С тропки свернёшь – спихнуть норовит за край хмурая хтонь в плаще. Это – навряд ли ад и едва ли – рай. Это – чистилище».
Высморкался в салфетку. «Уж лучше я, чувствуя под стопой плоскость невыносимого бытия, буду болтать с тобой
о разномастных бабочках здешних мест, ныть, утоляя зуд, как безрассуден Ост, благодушен Вест и неразборчив Зюйд».
Я, допивая кофе, смотрела вниз, чтобы не замечать, как черепашьей шее неловко из воротника торчать,
как, повторяя: «каждый несёт свой гроб, ибо таков устав», он черепашьей лапкою мелочь сгрёб, дважды пересчитав.
Словно не мы бессмертный мололи вздор, млечно светясь в тепле кухни его – с газетами, вместо штор, на голубом стекле,
где, то обидой мучаясь, то виной, «Приму» свою куря, я упиралась в строки о посевной в крымском селе Заря.
Июль
…и стайка бабочек в саду толкающаяся, и ты, несущая к пруду себя, такая вся.
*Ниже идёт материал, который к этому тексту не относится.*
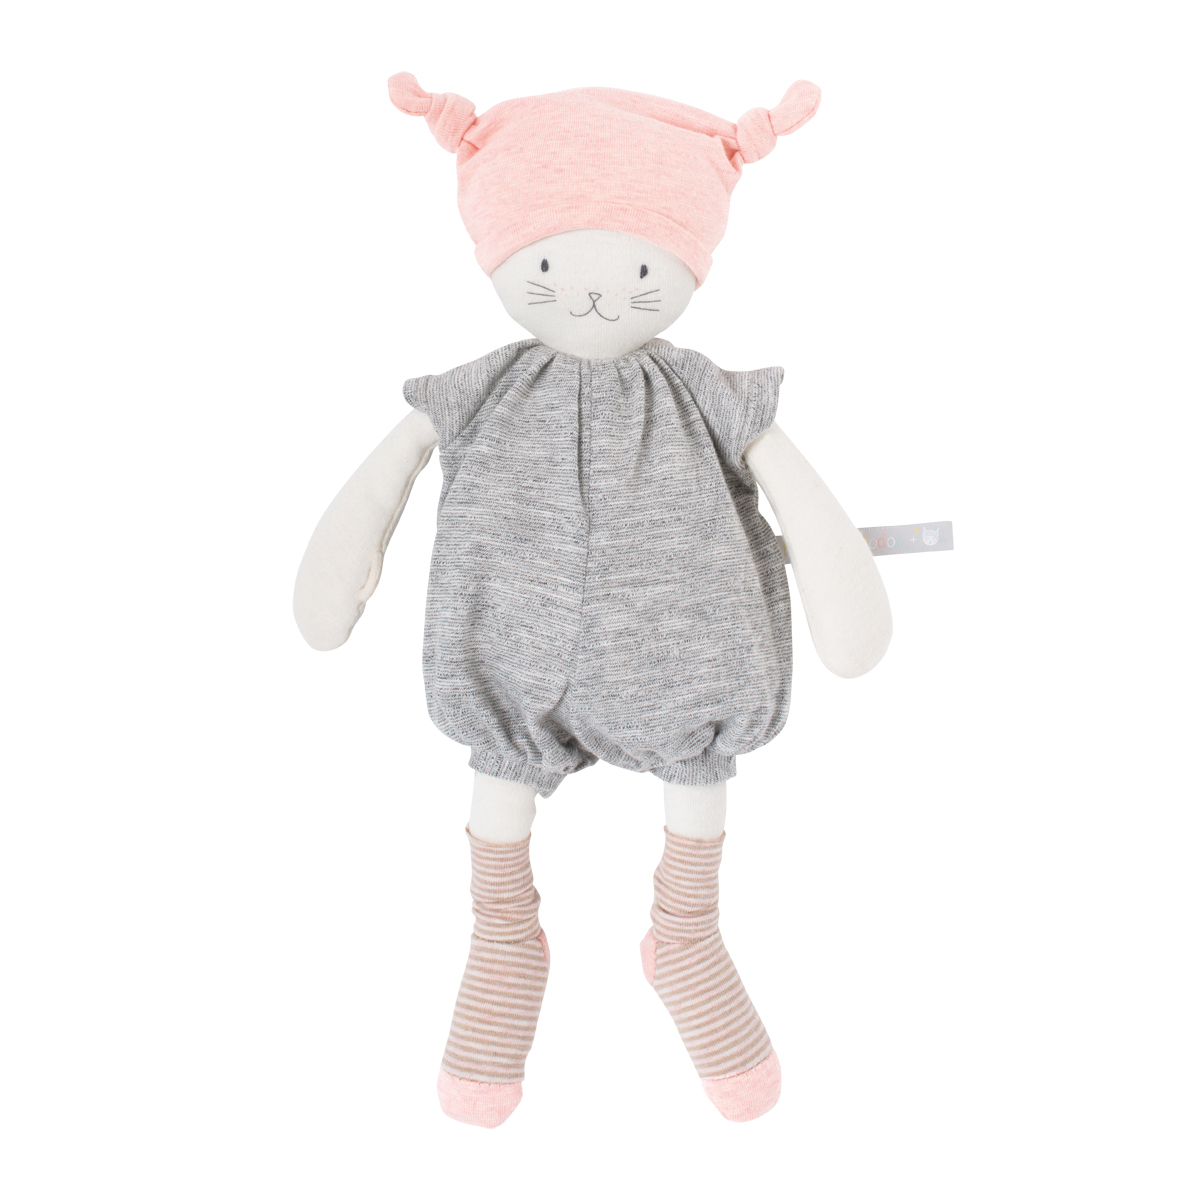 「Les PetitDodos」抱き人形ピンクの帽子の妖精

…и бодрый дачник, что в кредит живёт, не бедствуя: «Народ Зимбабве победит!» – Гудит, приветствуя.
…и рака полая клешня, (а был задиристый), и уши бигля, что – плашмя на ряби тинистой.
…и воду найденный пятак ребристо вспарывает, и пёс трясёт ушами так, как птица – вспархивает.
…и два подвыпивших лоха с речами бранными. …и лист большого лопуха с краями рваными,
где богомол, сглодавший день, расплачивается и, как в молитве иудей, раскачивается.
Памяти полуострова
Дом открыли, флигель. Шорохи тростника запихнули в глечик. Кофе, спеша, смололи. Даровали слизню имя – Три Толстяка, пауку – Самсон, пятнистой лягушке – Молли.
Навестили пляж. Базар обозрели, где разведённый спирт назвали татарской чачей, черенком листа – червя в дождевой воде, продавца чурчхелы – дерзким вождём апачей.
Дополняя смыслом, но не лишая прав, всяку тварь живую мы воплотили в паре с новоязом пришлых, сущее переврав. И уснули, рухнув. Господи, как мы спали!
Ничего не слыша. Навзничь, потом ничком. Сны овечьей шкурой пахли и молоком, по краям холмов цикорием голубели. Дул левант. Клешнями крабы скребли по дну. Мы проспали голод, смуту, позор, войну, наводненье в Ялте, засуху в Коктебеле,
передел пространства, времени торжество над селом сиротским, что по ущелью вьётся. И проснулись там, где не было ничего. И забыли напрочь, как «ничего» зовётся.
◆ ◆ ◆
Зной прикипает к розовой стене. Горилочка не пьётся. Кто зиму пережил в моей стране, тот летом не смеётся. В ней то жара, то гибельный мороз, сквозняк позёмки в поле. Так думал в Риме Гоголь-малоросс, глотая равиоли.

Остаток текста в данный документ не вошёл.